На базаре дорого стоили кремни для зажигалок. За один камешек можно было купить гору леденцов. Подойду к прилавку, послюнявлю указательный палец и как бы случайно уроню его на разложенные камешки… «Нет, моему папе эти слишком большие» – и отхожу. А на палец два-три камешка и прилипло.
Осенью мама возвратилась после менки. За «то» мыло она привезла мешок фасоли. «Сейчас куплю луку… сварю фасолевый суп… соль у нас еще есть», – сама себе приговаривала мама, перебирая у торговок лук.
– Мама! Пойдем со мной…
Мы отошли… Мама смотрит на меня с тревогой: мол, что случилось, с чего это вдруг «пойдем»? Я ей протянула большую головку синего лука.
– Боже мой, какой ужас! Где ты его взяла?
– А ты его дольше всех в руке держала… А пока ты с теткой говорила…
Мама – хрясть по щеке. Я даже не успела договорить.
Она быстро пошла вперед.
– Какой ужас! Если бы Марк это узнал! Он же никогда и крошки чужой не возьмет. Откуда это у тебя?
Откуда, откуда… Сама уйдет на свою менку – и жди ее. Что оставит, съедается быстро, а потом что? Да что я, одна? Все дети так. Все! Ничего больше не буду ей рассказывать. Я думала, она обрадуется… Вот человек! А папочка такой добрый, он бы меня пожалел, поплакал бы вместе со мной…

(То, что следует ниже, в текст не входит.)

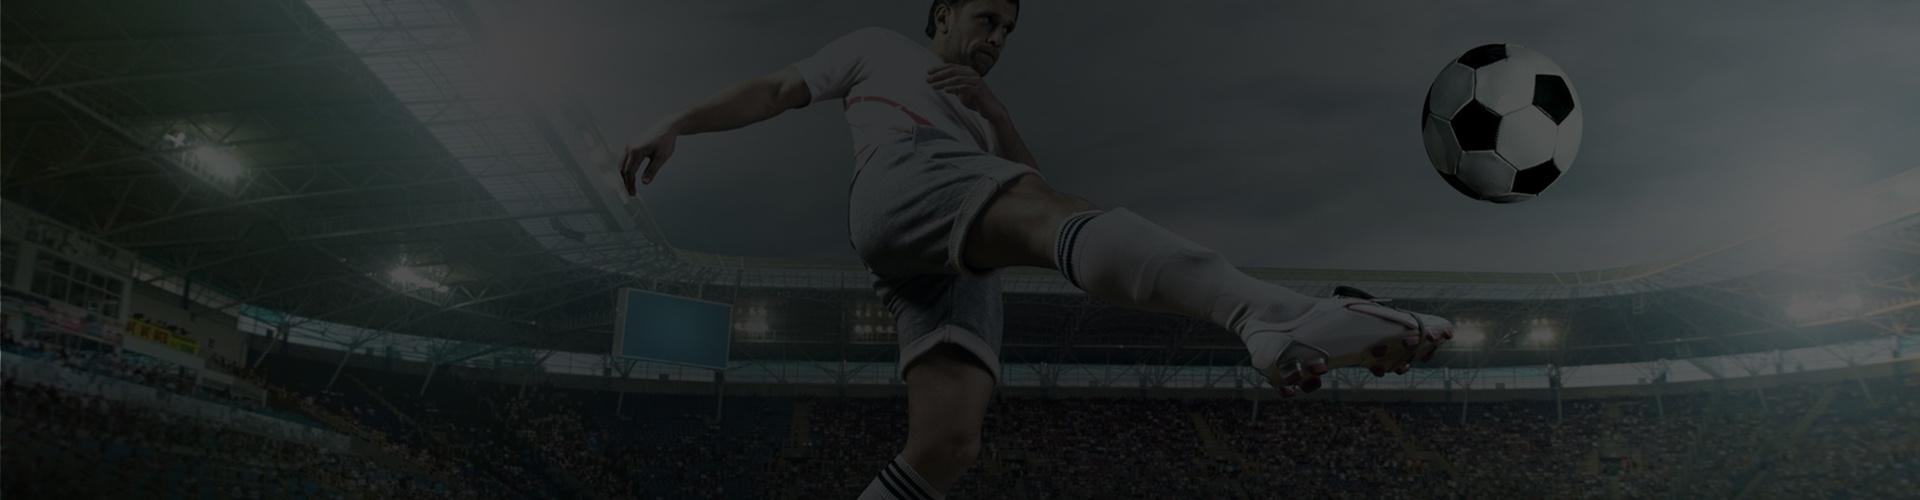 tipwin Wettsteuer – Müssen die Spieler beim Wettanbieter tipwin die Wettsteuer zahlen?

Дома мама отошла. Она нудным тоном вычитала мне, какой должна быть девочка, как некрасиво я поступила, в общем – ничего нового. А потом взяла с меня слово, чтобы «это было в первый и в последний раз». Я дала честное слово. Но это было только начало. Я воровала до двенадцати лет. В школе – ручки, перья, тетради. В гостях – сахар, конфеты, печенье. Все копила на «черный» день. В укромном месте я прятала свои запасы. Старые съедала, а новыми пополняла. А потом в одно прекрасное утро все кончилось. Желание воровать исчезло навсегда. Даже как-то скучно стало…

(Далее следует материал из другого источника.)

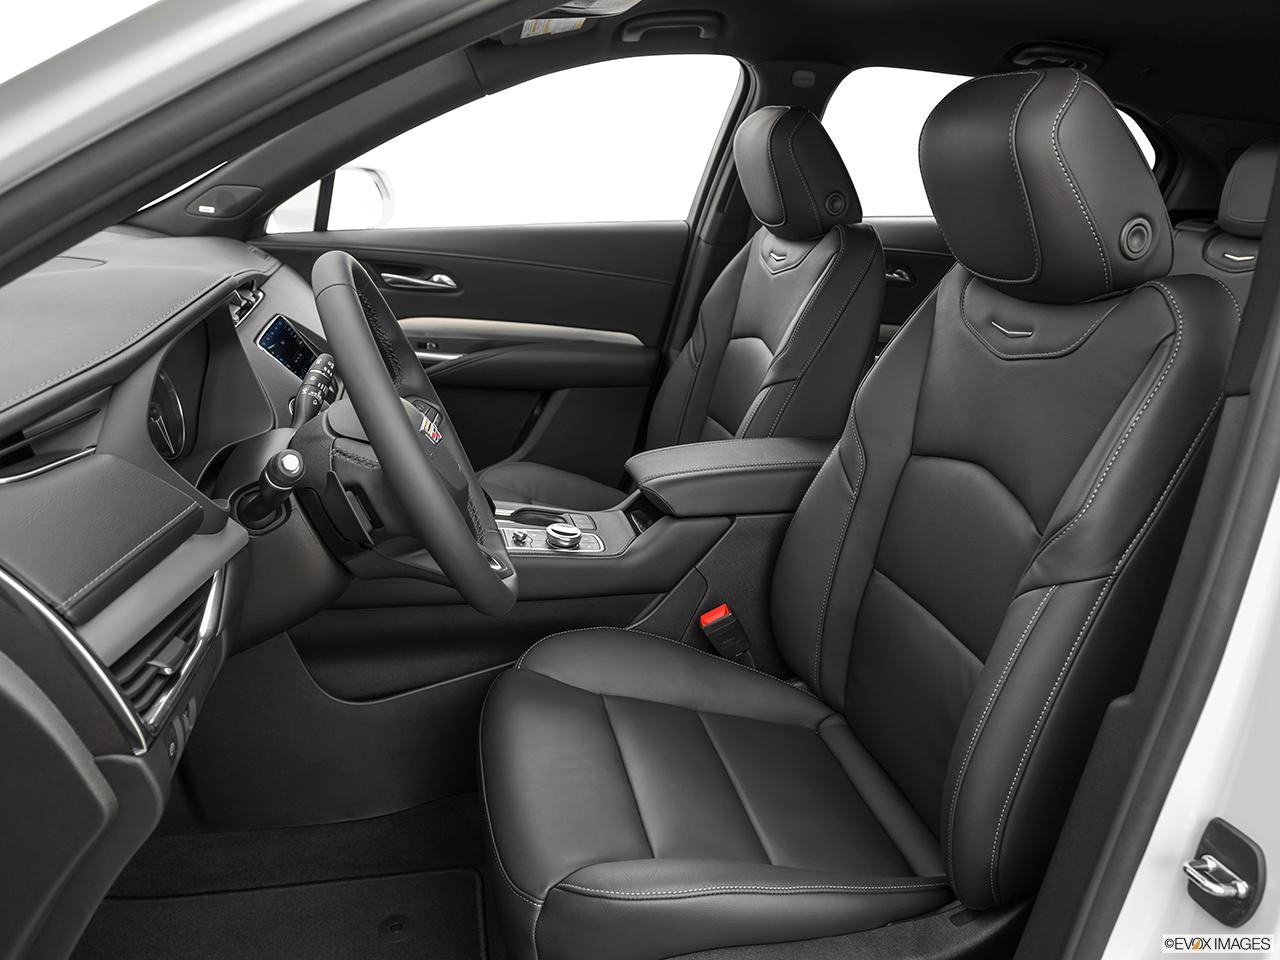 2020 Cadillac XT4 photo

Я всегда долго «созреваю». А потом вдруг – раз! – и полная ясность. Точное решение проблемы. Так и в работе над ролью. Сначала тупик и полная паника. Внутри сам собой происходит процесс «созревания». Я думаю в это время совсем о другом. И вдруг неожиданный просвет! Ага! Есть! Знаю, какая «она»! Знаю, как я ее поведу…
Так и в дружбе. Со мной много можно «экспериментировать» – подводить, обманывать, крутить, вертеть. Я все терплю, терплю, жду, надеюсь, надеюсь… А потом – раз! И все! Внутри все пусто, все сгорело. И нет больше такой подруги.
А особенно болезненно было в любви. Уж тут-то я почти всегда оставалась сидеть в пепле на развалинах. Всегда сильно мучилась, отдавая этому чувству невосполнимые силы. Максимально «приносила», но и максимально требовала. Выдержать меня, мой «максимализм» трудно, что там говорить… Мне всегда хотелось любить только одного человека.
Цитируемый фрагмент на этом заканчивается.